There is absolutely, positively, no guarantee that ecological modernization will occur. Ecological modernization is nice when it happens. Being cured from cancer is nice when it happens. Cancer often kills, and so do ecological threats.

    

That said, some environmental stories have happy endings. Ecological modernization occurs frequently. When the Great Lakes were becoming too polluted, treatment plants were built to clean water, and reduce industrial waste. Laws were passed banning the dumping of toxic waste into water supplies. Over time, water quality improved and the worst threats to the Great Lakes were averted.

         

The world is exhausting its supplies of petroleum. Through ecological modernization, new supplies are being discovered. Some conservation is occurring. Alternative sources of energy, such as wind and solar power, are being promoted. This is not a fully resolved problem. Fracking and nuclear power pose grim issues on their own. But, we are stumbling to some sort of progress, even though this is an imperfect progress.

   

Capitalism has its own sadistic form of ecological modernization. Modern capitalism is unusually capable of reproducing itself in the face of disaster. What happens when a good becomes scarce? The price goes up. This lowers the consumption of the now scarce item. When oil prices spiked in the 1970’s and 1980’s, Americans really did shift into using more fuel-efficient cars because gasoline had become more expensive.

    

Modern industrial societies have shown tremendous resilience in the face of all-out disaster. The Great Chicago Fire led to a tremendous boom afterwards as the city physically reconstructed itself. Both Germany and Japan were nearly destroyed in World War II. This was followed by thirty-five years of prosperity as both countries rebuilt their factories and cities from the ground up. Rebuilding a flooded New York City in the face of global warming would be a grim process, but it would not necessarily mean an end to American prosperity. The overall economy would keep going. Real estate brokers in New Jersey and Connecticut would make a small fortune.

    

Ecological crises are survivable, if a society has the capacity to do something about them. This is a huge “if”.  The critical issue is often not the ecological threat itself – but the societies’ capacity to face any kind of problem.

 

If a society lacks the technological capacity to find solutions to problems

If a society lacks the organizational or political capacity to implement solutions to problems

If a society lacks the willingness to cooperate that is essential to starting the problem solving process in the first place

 

Then Any Problem – Ecological or Not – Can Kill

 

The key to survival overall is cooperation. Without cooperation, organizations and governments are both crippled. Without cooperation, there is no education and no science. The poison that undercuts cooperation is violence.

  

Cooperation is reduced in the face of internal and external war.

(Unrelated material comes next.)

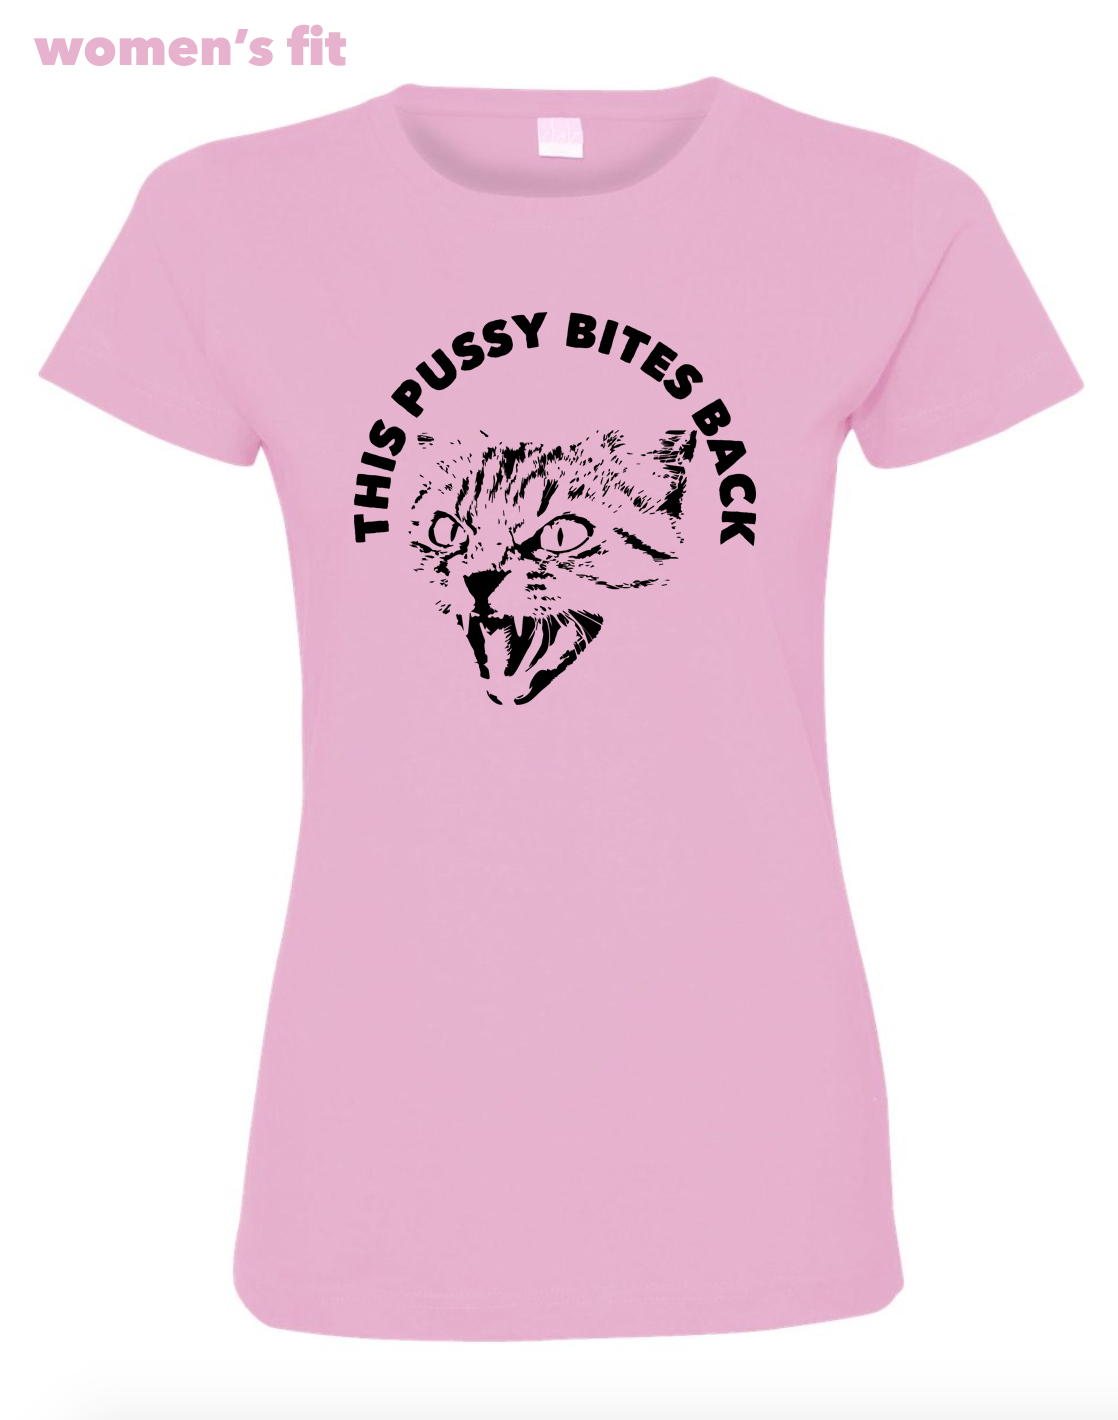 The Pussy Bites Back Pink Shirt women's cut with Black Lettering #thispussybitesback

Cooperation is reduced in the case of organized ethnic violence.

Cooperation is reduced in the case of kidnapping, assassination, random assault and extreme forms of violent crime.

    

When all the people fear for their lives, no one is working together. No one trusts the partners that will be needed to pull off the common endeavors that are the solutions to the joint problems that represent a threat to all.

   

The cause of societal survival and growth is cooperation.

The cause of societal death is violence, distrust and destruction of adaptive capacity.

When societies are divided among themselves, they may lack the capacity to respond ecological crises. This makes ecological crises fatal.